A major part of so-called drip pricing appears to be a thing of the past at the world’s largest hotel company.
In recent years, resort fees have often topped the list of travel annoyances, as these fees — which sometimes approach $100 a night — have not typically been included in the initial listed nightly rate for a hotel.
U.S. President Joe Biden targeted this practice in his State of the Union address earlier this year, and Marriott was even the target of a Pennsylvania attorney general’s investigation into how the company handled resort fees.
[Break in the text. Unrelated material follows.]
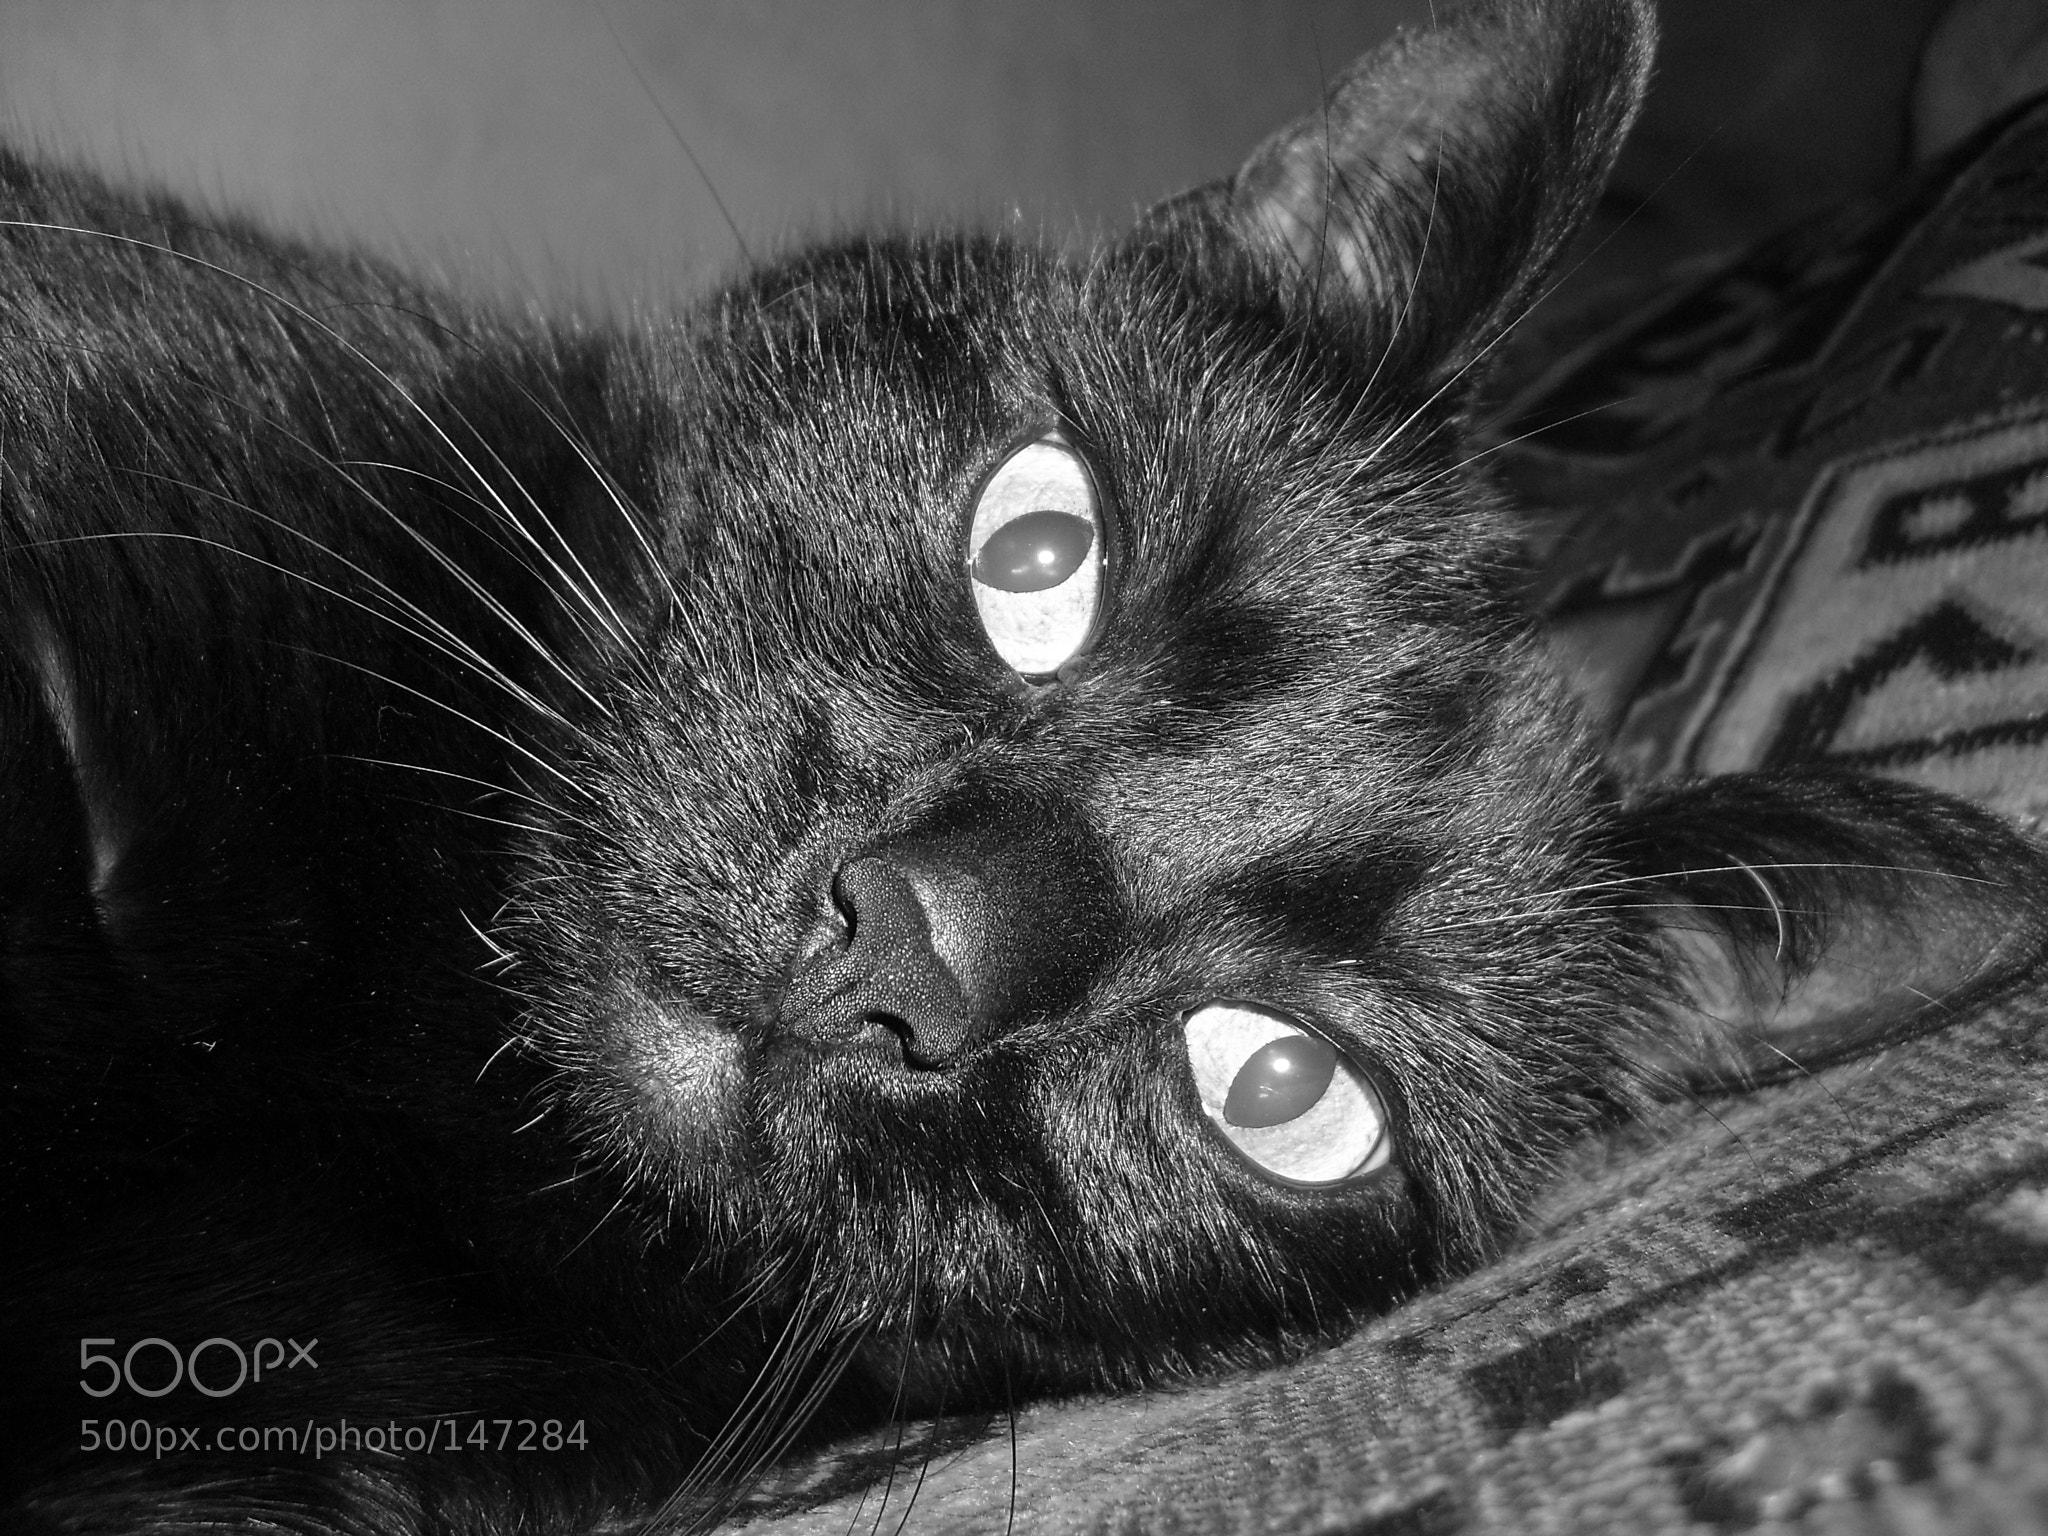 Photograph Cat by Lusia Kruzenshtern on 500px

Marriott eventually settled with the Pennsylvania AG. While Marriott maintained it was always transparent in how it charged the fees (often in a blue box noting the added fee at the top of a booking window), the company now bundles the resort fee into a rate.
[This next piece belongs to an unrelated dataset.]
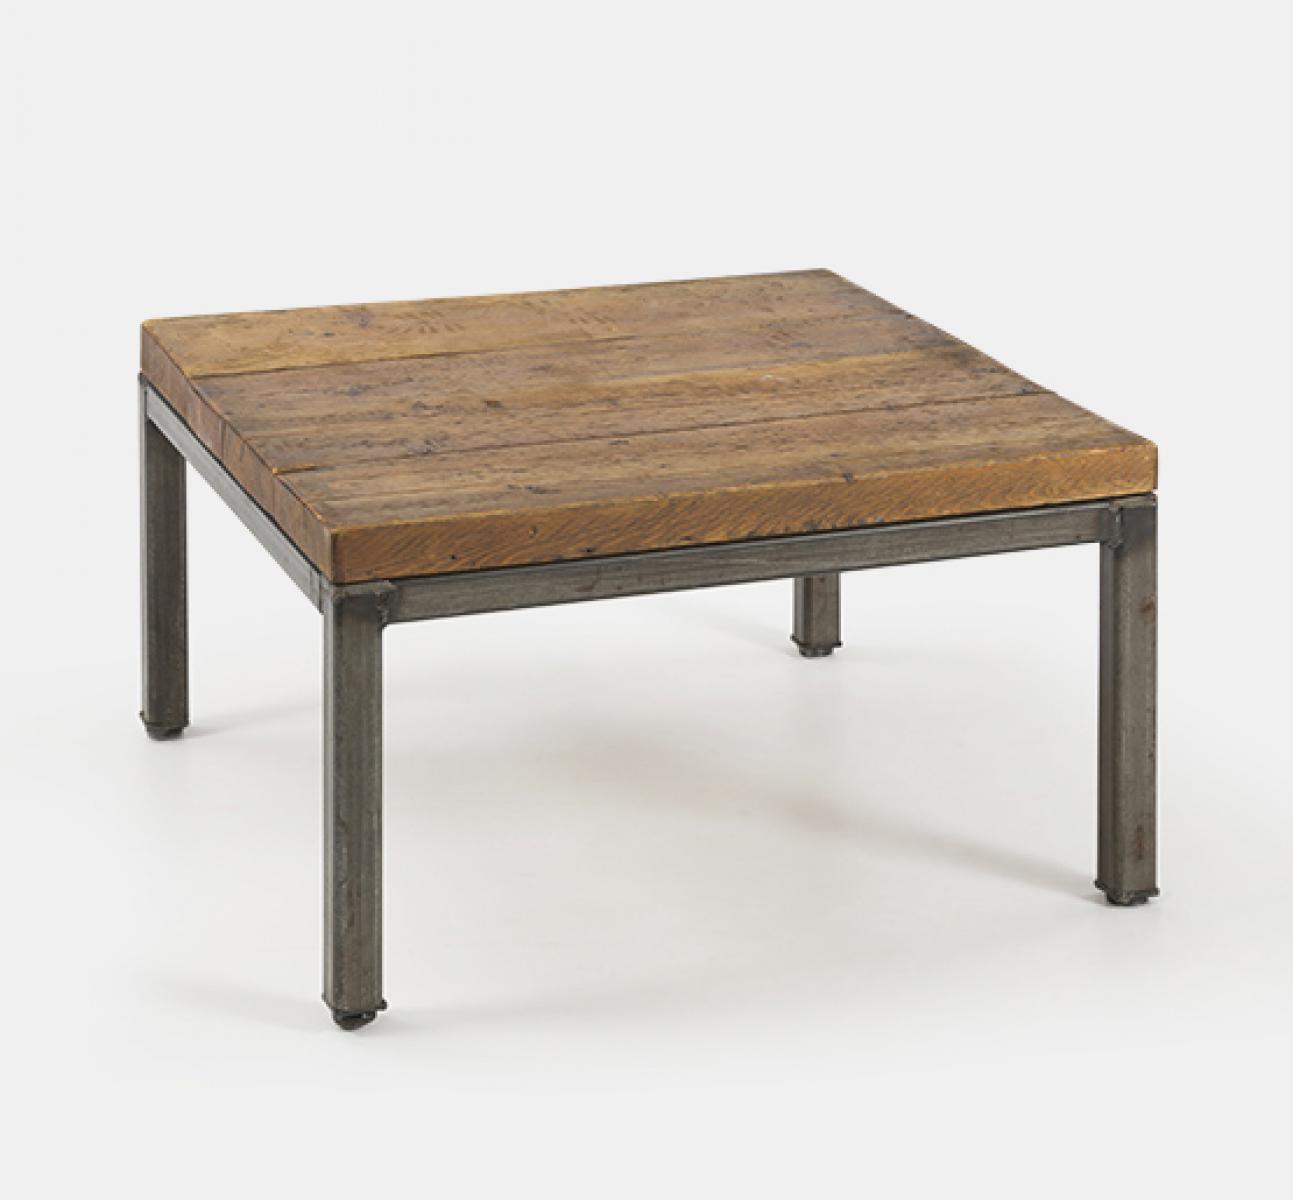 Quay Coffee table

A sample booking for New York City Marriott hotels this week shows the Times Square Edition, Renaissance New York Times Square Hotel, the New York Marriott Marquis and other Marriott-affiliated hotels in the area included the “destination amenity fee” into the nightly rate and noted such a fee was part of the overall charge.
The fee transparency goes beyond just online bookings, however. All rate displays for a Marriott booking have to now include resort or destination fees, and call center agents also have to include the fees in their overall rate quotes, A View From the Wing reported.
Marriott and all its competitors charge resort and destination fees, but if Marriott now bundles its pricing, does that mean the industry will follow suit?
Marriott CEO Anthony Capuano defended the company’s overall transparency on a recent company earnings call, but he didn’t divulge whether or not he felt the overall industry would follow suit.
“It is not as if those were hidden somehow. We’re simply further clarifying and enhancing that transparency,” Capuano said on the company’s first quarter earnings call earlier this month. “I will leave it to the state [attorney general] around the rest of the country for the rest of the industry. But I am pleased that we will lead the industry in terms of the transparency of our disclosure for our guests.”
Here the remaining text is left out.